Extracted data entries
####################
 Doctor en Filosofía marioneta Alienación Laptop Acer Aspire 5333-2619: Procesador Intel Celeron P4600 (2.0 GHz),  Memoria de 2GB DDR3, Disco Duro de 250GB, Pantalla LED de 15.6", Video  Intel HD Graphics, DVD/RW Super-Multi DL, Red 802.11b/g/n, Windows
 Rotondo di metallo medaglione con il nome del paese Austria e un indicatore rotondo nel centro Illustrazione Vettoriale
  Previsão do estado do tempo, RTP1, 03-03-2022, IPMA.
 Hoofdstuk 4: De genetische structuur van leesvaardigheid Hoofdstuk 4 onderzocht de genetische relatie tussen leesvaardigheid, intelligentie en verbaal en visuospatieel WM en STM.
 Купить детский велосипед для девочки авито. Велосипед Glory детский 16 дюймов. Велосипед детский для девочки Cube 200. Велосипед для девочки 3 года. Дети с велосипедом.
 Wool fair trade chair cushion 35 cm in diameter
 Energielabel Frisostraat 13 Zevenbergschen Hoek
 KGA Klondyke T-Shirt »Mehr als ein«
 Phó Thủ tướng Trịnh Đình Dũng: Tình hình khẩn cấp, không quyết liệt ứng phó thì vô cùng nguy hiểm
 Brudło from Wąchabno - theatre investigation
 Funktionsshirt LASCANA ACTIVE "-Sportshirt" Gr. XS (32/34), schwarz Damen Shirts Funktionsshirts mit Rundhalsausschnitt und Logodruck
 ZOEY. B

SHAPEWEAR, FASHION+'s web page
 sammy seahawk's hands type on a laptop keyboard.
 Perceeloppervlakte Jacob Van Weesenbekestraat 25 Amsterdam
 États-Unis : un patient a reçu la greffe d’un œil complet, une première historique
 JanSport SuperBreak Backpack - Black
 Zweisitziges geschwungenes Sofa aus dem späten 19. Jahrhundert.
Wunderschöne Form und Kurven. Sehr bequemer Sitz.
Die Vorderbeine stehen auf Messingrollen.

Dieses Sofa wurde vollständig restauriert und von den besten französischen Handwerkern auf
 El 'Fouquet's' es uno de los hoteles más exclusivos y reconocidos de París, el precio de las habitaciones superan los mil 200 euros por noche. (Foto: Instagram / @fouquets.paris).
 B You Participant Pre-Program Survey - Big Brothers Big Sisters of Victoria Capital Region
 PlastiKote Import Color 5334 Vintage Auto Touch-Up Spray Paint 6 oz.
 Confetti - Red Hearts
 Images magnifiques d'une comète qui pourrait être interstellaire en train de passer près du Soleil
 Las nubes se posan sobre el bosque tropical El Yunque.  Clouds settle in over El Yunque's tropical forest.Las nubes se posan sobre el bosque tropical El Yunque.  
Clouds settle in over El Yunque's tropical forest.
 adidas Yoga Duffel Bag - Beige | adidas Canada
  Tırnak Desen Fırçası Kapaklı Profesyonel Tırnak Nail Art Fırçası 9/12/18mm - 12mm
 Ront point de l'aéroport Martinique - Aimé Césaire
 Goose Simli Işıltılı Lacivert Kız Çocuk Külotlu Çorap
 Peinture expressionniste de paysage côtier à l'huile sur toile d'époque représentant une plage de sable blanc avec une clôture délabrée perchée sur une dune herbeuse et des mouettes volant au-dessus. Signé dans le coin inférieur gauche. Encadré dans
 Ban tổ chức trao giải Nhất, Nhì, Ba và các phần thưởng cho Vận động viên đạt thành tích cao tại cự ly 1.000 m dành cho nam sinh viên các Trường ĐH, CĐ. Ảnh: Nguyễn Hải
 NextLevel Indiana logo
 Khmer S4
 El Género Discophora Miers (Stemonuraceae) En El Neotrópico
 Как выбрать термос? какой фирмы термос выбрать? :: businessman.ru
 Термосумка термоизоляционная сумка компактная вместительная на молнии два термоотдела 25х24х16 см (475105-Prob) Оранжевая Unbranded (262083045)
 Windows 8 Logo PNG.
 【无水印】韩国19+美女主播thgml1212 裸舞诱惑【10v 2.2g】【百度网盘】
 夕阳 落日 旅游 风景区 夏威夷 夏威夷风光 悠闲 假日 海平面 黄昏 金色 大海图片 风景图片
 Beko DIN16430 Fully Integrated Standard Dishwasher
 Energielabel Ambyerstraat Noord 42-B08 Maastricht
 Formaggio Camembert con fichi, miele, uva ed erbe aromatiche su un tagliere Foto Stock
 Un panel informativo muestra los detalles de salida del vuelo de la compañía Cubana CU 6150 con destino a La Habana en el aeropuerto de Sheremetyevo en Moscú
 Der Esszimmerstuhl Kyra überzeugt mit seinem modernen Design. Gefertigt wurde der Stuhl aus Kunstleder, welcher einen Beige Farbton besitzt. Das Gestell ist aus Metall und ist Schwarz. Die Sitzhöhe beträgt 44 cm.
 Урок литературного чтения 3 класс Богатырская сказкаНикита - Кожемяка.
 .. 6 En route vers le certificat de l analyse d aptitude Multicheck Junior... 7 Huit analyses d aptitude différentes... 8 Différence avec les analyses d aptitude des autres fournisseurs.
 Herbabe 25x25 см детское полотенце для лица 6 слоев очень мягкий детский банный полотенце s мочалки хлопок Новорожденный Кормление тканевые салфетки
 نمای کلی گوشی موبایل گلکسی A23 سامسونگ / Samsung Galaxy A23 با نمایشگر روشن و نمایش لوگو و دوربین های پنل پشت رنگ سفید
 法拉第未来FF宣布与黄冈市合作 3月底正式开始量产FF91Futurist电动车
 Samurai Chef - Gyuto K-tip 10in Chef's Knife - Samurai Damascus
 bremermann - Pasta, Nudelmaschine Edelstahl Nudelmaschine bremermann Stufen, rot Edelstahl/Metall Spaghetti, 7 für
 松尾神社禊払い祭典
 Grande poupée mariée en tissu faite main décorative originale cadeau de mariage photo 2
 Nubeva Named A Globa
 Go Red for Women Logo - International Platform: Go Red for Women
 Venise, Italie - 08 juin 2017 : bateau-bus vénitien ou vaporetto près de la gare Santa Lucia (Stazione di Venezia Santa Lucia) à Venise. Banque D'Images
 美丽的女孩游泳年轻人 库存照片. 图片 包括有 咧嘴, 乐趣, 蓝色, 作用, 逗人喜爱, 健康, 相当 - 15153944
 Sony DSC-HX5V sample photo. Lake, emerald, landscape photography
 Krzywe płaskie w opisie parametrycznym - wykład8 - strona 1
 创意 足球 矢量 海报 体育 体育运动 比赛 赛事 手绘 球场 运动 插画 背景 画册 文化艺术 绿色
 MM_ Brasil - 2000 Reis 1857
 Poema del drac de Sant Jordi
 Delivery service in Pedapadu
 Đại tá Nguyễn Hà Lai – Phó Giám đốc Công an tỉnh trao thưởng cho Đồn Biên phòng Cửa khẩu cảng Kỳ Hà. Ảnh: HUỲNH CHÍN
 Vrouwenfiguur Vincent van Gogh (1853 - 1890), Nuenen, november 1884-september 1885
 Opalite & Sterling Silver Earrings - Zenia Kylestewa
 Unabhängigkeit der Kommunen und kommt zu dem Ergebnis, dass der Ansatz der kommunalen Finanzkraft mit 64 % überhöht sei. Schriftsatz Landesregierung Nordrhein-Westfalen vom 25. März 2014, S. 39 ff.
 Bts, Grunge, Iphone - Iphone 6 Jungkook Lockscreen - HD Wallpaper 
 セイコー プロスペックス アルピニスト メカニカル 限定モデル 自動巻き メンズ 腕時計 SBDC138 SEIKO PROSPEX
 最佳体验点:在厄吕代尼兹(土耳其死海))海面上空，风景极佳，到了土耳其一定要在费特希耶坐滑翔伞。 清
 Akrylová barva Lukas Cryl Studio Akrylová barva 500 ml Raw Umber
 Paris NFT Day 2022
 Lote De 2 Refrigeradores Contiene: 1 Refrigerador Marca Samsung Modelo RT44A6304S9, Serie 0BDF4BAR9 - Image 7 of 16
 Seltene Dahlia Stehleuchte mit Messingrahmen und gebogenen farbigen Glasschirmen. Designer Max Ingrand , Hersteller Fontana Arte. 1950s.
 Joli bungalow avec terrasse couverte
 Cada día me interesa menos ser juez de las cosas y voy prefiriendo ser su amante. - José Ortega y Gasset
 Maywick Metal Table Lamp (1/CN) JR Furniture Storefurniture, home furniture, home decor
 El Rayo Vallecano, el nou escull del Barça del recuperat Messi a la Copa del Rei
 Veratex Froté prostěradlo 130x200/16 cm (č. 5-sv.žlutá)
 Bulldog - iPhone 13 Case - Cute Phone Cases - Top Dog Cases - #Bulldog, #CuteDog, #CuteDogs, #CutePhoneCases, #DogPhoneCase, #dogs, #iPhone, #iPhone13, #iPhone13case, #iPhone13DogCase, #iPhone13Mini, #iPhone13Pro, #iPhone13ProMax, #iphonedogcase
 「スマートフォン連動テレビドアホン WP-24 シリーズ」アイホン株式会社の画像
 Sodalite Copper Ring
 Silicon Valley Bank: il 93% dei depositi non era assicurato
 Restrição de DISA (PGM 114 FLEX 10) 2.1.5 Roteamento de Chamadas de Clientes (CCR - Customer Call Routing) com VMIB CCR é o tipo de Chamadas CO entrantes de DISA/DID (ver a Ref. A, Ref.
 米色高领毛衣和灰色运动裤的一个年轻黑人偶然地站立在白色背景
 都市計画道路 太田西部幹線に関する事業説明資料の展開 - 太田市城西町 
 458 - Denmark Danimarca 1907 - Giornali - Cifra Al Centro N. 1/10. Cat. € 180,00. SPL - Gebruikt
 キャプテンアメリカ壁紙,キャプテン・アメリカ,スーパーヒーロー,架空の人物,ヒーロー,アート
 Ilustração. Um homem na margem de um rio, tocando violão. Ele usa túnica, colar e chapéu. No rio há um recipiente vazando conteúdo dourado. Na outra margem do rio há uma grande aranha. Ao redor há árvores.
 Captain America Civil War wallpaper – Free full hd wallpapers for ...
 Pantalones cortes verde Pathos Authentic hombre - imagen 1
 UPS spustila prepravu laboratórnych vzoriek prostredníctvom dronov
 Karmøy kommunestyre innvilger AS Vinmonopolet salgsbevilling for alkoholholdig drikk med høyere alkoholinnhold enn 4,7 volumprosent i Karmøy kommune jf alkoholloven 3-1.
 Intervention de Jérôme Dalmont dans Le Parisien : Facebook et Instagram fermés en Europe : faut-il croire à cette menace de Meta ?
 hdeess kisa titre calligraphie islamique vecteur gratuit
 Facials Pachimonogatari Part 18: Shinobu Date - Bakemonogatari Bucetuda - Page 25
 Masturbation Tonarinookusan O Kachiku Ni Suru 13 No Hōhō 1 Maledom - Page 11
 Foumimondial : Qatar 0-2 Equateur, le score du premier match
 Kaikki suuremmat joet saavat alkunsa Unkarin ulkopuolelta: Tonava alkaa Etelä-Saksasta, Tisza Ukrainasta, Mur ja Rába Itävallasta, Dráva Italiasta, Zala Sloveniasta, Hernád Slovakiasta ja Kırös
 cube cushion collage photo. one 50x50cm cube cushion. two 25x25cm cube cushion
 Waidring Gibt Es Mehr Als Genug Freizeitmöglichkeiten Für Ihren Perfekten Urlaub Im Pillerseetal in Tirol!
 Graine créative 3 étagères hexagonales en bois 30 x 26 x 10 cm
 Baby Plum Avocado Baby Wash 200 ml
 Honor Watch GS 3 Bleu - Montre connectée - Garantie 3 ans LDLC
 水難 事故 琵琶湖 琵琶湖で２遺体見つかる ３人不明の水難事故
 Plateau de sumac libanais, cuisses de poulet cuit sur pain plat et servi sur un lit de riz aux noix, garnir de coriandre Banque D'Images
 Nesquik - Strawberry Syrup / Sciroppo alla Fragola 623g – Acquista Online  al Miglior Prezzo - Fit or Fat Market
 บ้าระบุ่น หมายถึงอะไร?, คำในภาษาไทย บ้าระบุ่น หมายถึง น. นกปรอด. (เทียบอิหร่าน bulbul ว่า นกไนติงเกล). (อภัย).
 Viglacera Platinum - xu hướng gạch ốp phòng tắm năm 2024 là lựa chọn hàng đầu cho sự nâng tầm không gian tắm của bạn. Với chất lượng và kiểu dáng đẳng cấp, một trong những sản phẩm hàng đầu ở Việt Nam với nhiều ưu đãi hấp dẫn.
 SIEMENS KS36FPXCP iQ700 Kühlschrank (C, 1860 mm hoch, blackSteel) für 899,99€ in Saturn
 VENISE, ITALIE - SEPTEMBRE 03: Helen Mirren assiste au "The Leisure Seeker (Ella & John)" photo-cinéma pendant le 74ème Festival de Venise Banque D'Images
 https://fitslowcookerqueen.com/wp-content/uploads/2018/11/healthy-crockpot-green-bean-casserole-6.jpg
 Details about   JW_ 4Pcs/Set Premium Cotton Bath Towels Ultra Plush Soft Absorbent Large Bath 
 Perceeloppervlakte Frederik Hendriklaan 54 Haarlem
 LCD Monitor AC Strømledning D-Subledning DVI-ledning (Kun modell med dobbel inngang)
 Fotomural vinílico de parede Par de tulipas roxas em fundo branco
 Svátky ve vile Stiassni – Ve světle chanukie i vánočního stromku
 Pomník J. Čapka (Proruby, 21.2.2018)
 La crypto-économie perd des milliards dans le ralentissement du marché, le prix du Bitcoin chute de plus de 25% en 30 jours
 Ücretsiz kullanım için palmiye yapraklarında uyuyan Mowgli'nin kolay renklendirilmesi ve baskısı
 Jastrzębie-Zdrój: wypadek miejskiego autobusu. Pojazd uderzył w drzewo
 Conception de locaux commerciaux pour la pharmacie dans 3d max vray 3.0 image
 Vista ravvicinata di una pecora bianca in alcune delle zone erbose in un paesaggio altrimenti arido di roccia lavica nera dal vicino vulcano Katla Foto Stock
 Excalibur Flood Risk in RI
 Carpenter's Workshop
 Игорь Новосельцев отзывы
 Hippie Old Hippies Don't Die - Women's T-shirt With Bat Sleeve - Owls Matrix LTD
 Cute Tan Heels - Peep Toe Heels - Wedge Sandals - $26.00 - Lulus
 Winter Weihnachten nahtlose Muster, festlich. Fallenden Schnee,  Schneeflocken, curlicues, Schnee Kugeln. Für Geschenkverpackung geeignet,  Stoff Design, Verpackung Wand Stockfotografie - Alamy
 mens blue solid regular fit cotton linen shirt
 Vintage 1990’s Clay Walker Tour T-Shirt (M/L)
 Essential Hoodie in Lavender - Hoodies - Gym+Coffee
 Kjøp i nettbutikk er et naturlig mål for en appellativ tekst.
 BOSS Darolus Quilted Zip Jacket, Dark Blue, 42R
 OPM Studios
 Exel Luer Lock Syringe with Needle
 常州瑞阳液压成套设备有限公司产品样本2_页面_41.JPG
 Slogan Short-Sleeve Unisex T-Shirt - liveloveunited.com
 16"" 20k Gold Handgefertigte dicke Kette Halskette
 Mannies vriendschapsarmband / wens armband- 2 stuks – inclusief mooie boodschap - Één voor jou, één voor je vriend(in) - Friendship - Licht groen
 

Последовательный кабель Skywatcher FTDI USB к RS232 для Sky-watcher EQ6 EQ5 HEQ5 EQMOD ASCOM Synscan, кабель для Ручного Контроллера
####################
# TO DO:
Please report every line of the records above that contains the word "Clouds".

# FINAL ANSWER:
 Las nubes se posan sobre el bosque tropical El Yunque.  Clouds settle in over El Yunque's tropical forest.Las nubes se posan sobre el bosque tropical El Yunque.  
Clouds settle in over El Yunque's tropical forest.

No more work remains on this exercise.